Study material:

╔══

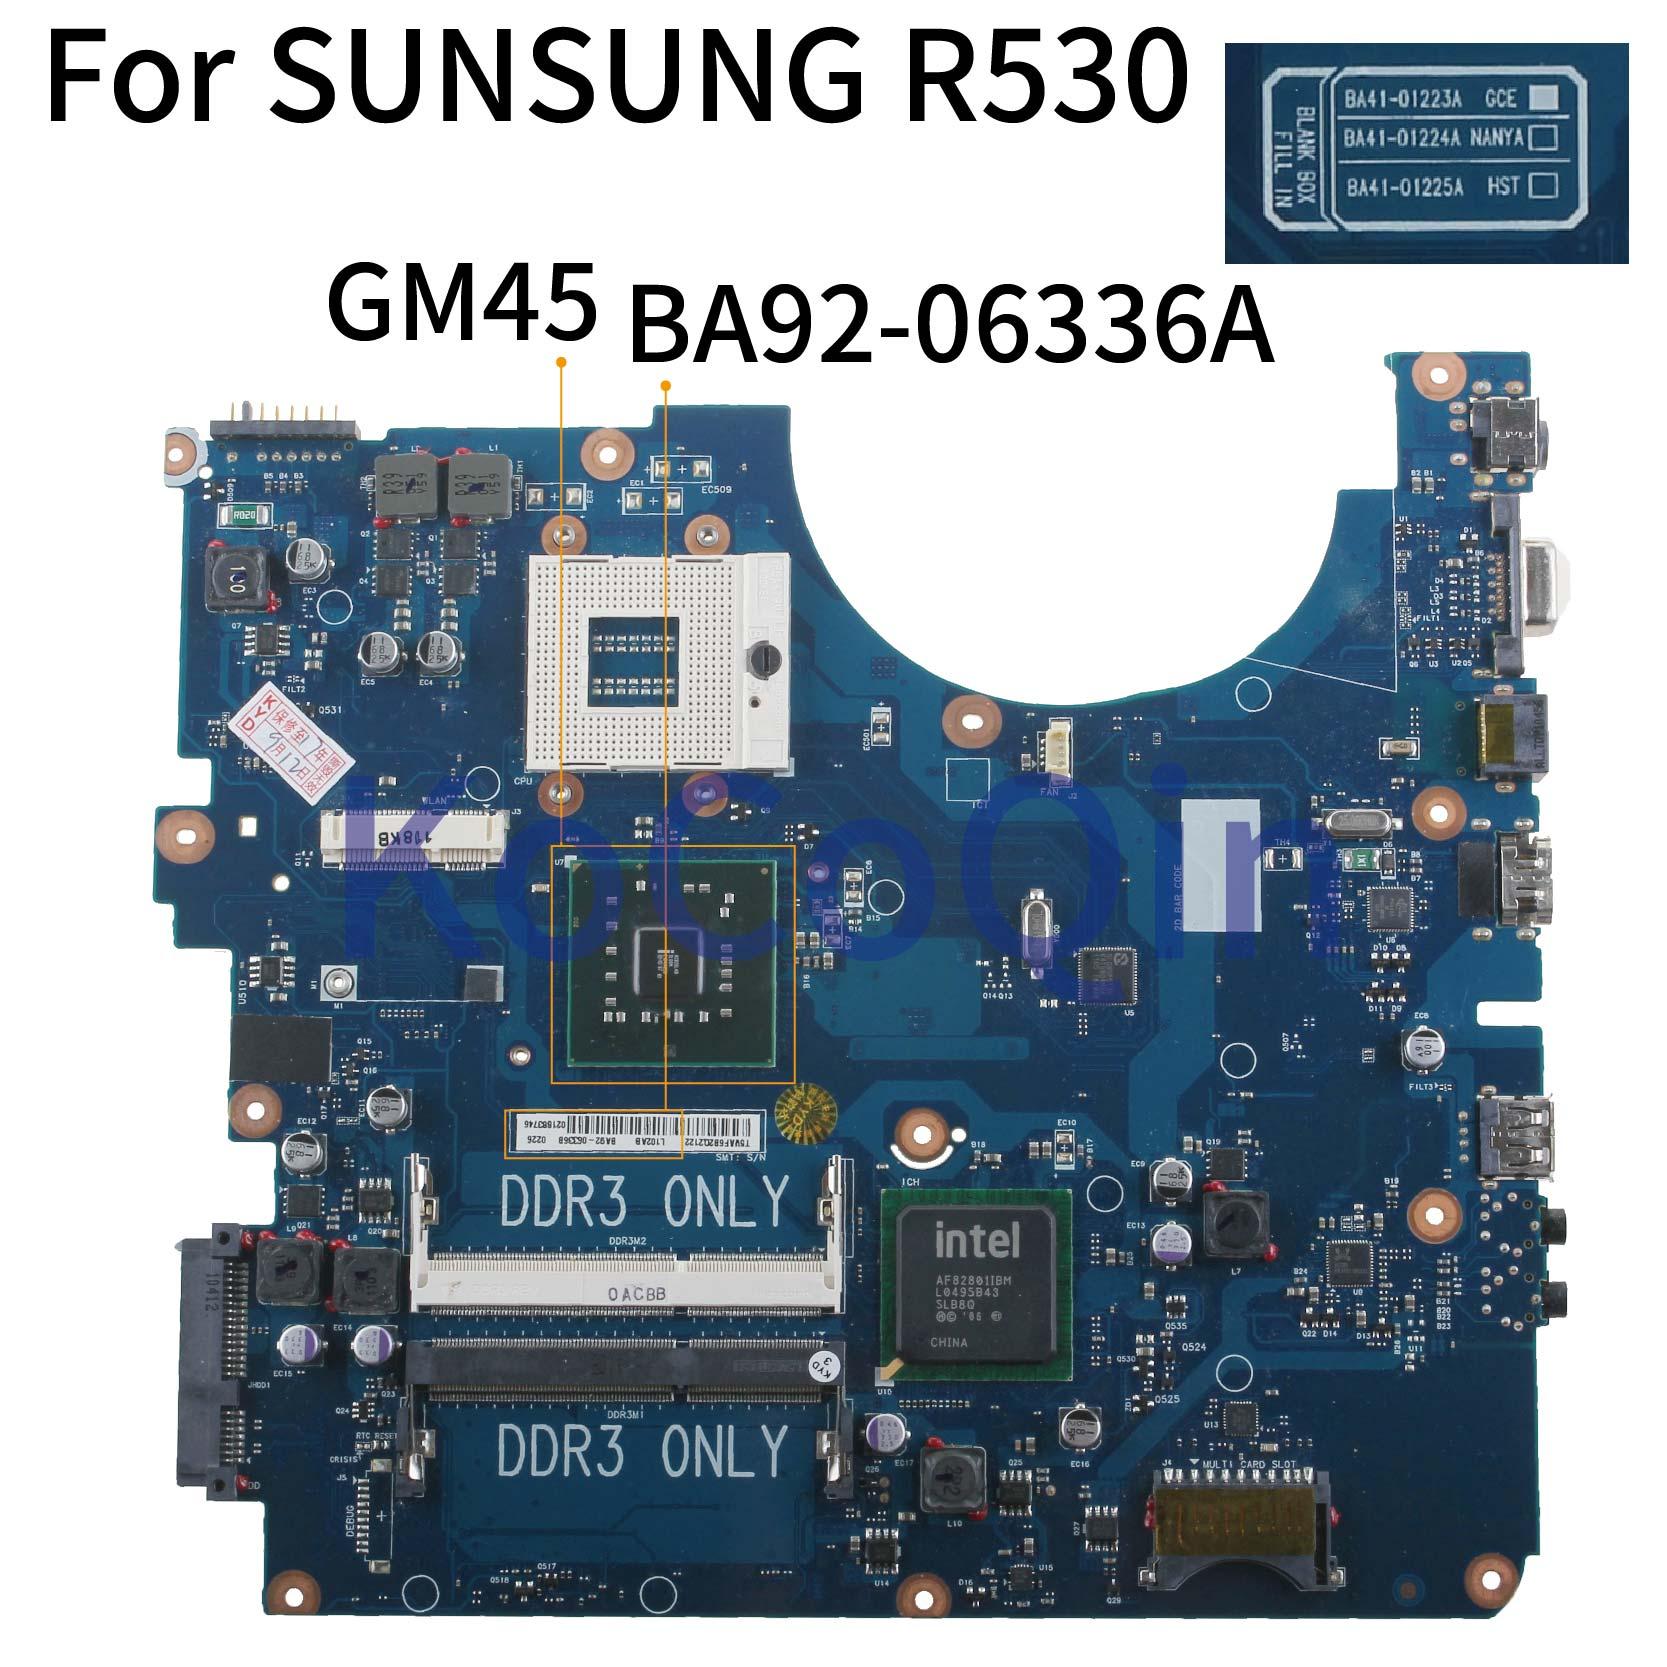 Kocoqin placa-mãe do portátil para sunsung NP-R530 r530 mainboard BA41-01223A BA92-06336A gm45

╚══
╔══

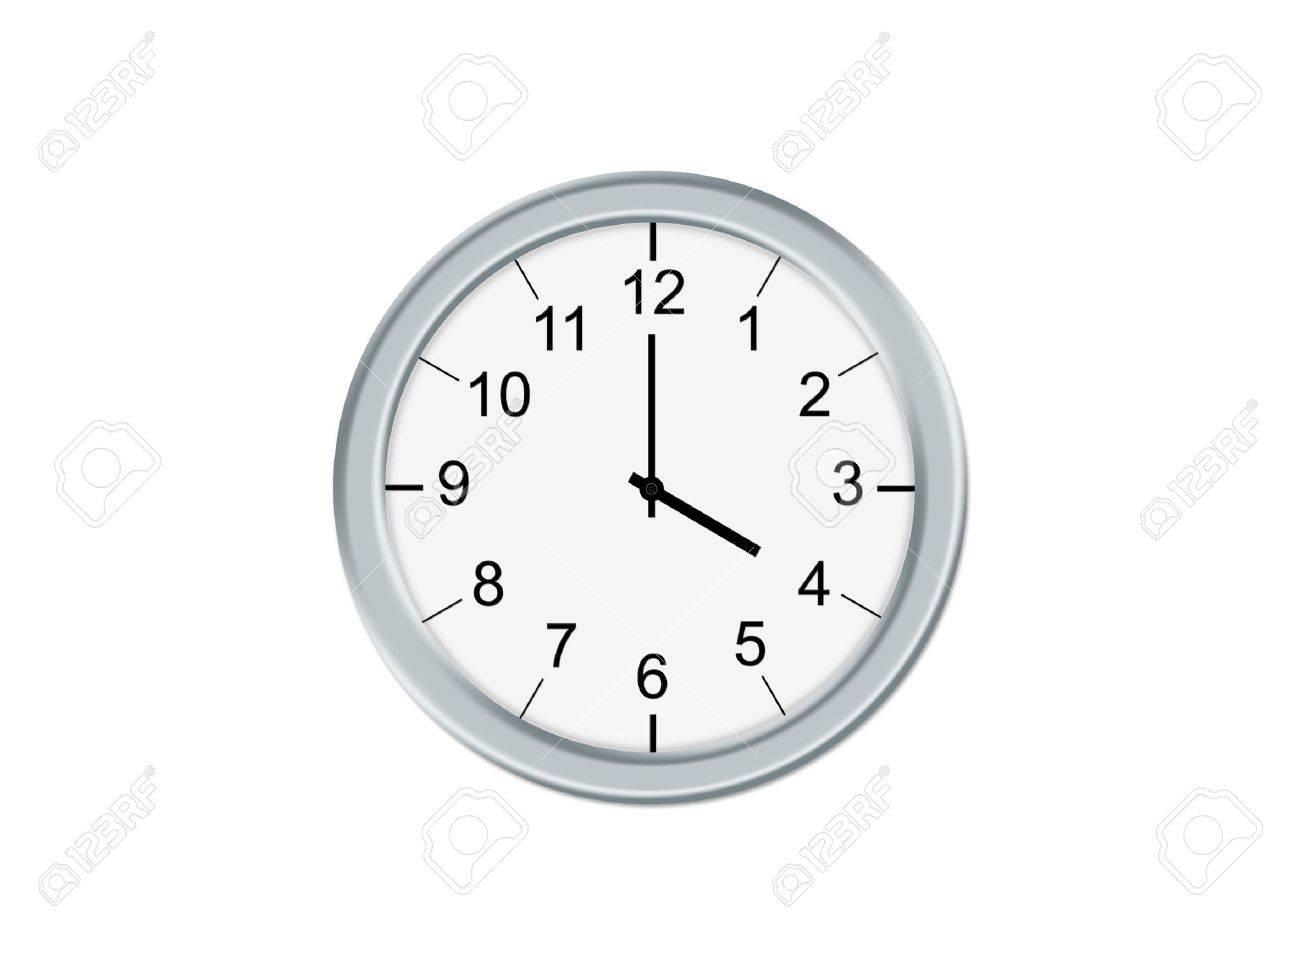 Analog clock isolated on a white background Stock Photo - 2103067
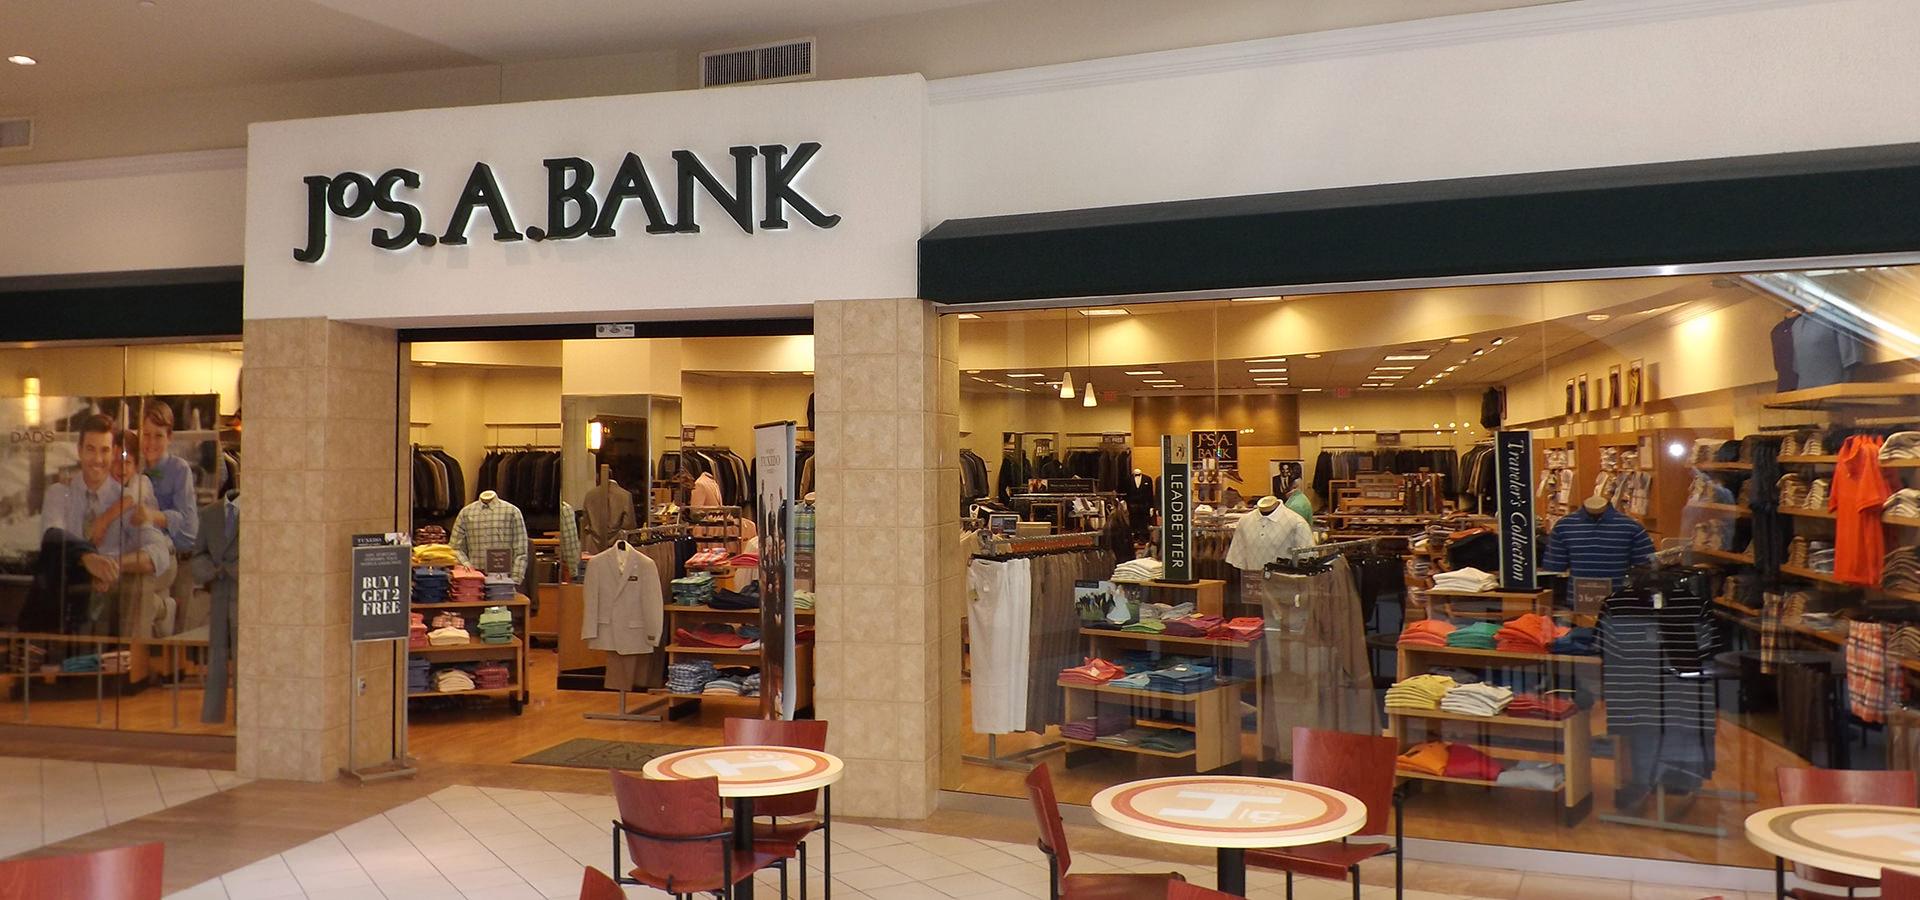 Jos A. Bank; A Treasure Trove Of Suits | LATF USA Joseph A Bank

╚══

What this task involves: What are the lines in the records above, word for word, from the one containing "Analog clock isolated" through the one containing "Jos A. Bank;", both ends included and pictures left out?

Answer box:
 Analog clock isolated on a white background Stock Photo - 2103067
 Jos A. Bank; A Treasure Trove Of Suits | LATF USA Joseph A Bank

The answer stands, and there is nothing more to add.